I am a student and studying the functionality of Lucene for my project work.
If I have to add a new user-generated document in lucene with a term having
a particular frequency just like any text file, how do I do it?
For eg, say I have to add the following documents analyzed from an image
doc1 =
{ contents field:
{"red (X15 times) blue(X10 times)"} ,
name field:
{"doc1"}
}
doc2 =
{ contents field:
{"red (X10 times) blue(X18 times)"} ,
name field:
{"doc2"}
}
Now when indexing, I should have term freq for "red" as 15 for doc1 and 10
for doc2 ?
The documents doc1 and doc2 can be indexed alongwith the normal text files
if only we can update the frequencies manually. Here I need to have
frequencies indexed as well
(FieldInfo.IndexOptions.DOCS_AND_FREQS_AND_POSITIONS).

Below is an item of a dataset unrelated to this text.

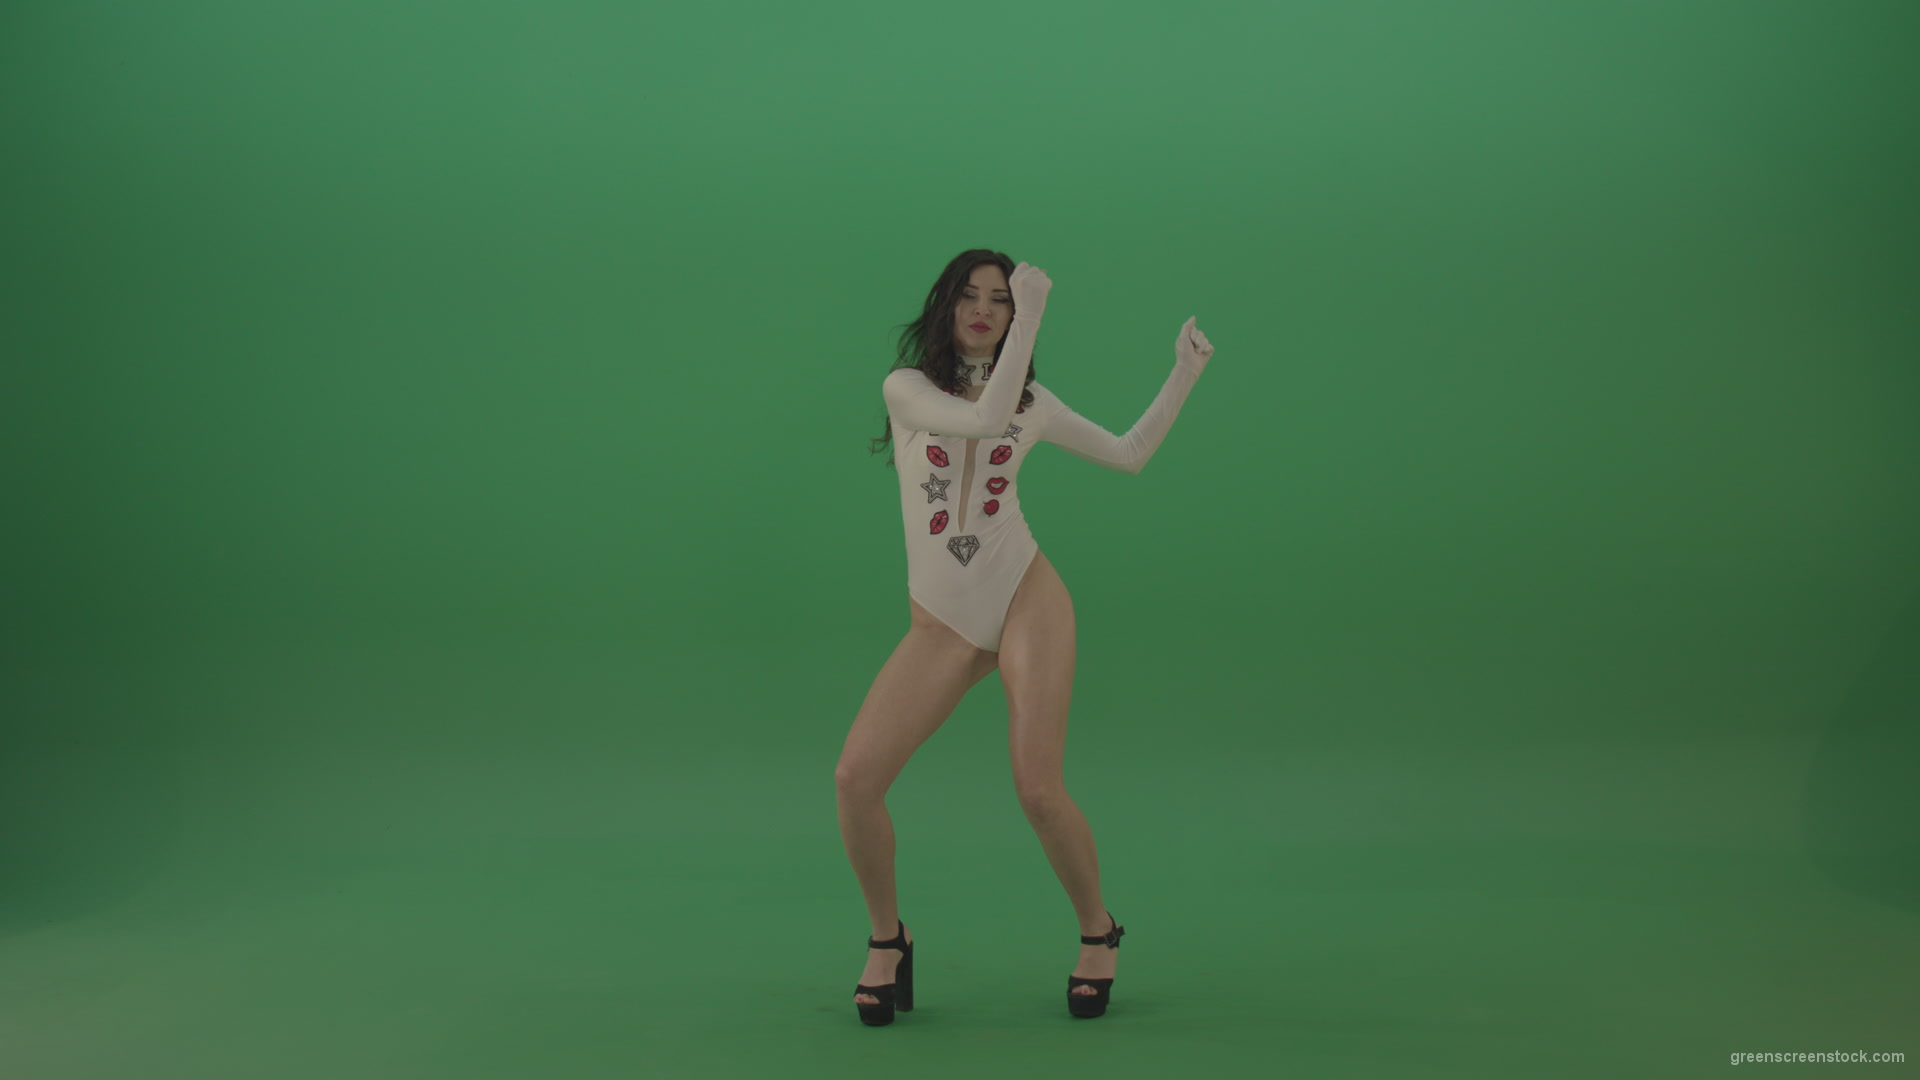 Sexy-woman-in-white-body-seductive-dance-on-green-background_007 Green Screen Stock

The DocDelta example provided on this link (
http://lucene.apache.org/core/4_2_0/core/org/apache/lucene/codecs/lucene40/Lucene40PostingsFormat.html?is-external=true)
says :
FreqFile (.frq) --> Header, <TermFreqs, SkipData> TermCount
Header --> CodecHeader
TermFreqs --> <TermFreq> DocFreq
TermFreq --> DocDelta[, Freq?]
SkipData --> <<SkipLevelLength, SkipLevel> NumSkipLevels-1, SkipLevel>
<SkipDatum>
SkipLevel --> <SkipDatum> DocFreq/(SkipInterval^(Level + 1))
SkipDatum -->
DocSkip,PayloadLength?,OffsetLength?,FreqSkip,ProxSkip,SkipChildLevelPointer?
DocDelta,Freq,DocSkip,PayloadLength,OffsetLength,FreqSkip,ProxSkip --> VInt
SkipChildLevelPointer --> VLong
"For example, the TermFreqs for a term which occurs once in document seven
and three times in document eleven, with frequencies indexed, would be the
following sequence of VInts:
15, 8, 3
If frequencies were omitted (FieldInfo.IndexOptions.DOCS_ONLY) it would be
this sequence of VInts instead:
7,4"
So what should be the DocDelta values for doc1 and doc2 and how? Please
provide any other useful links.
Thanks.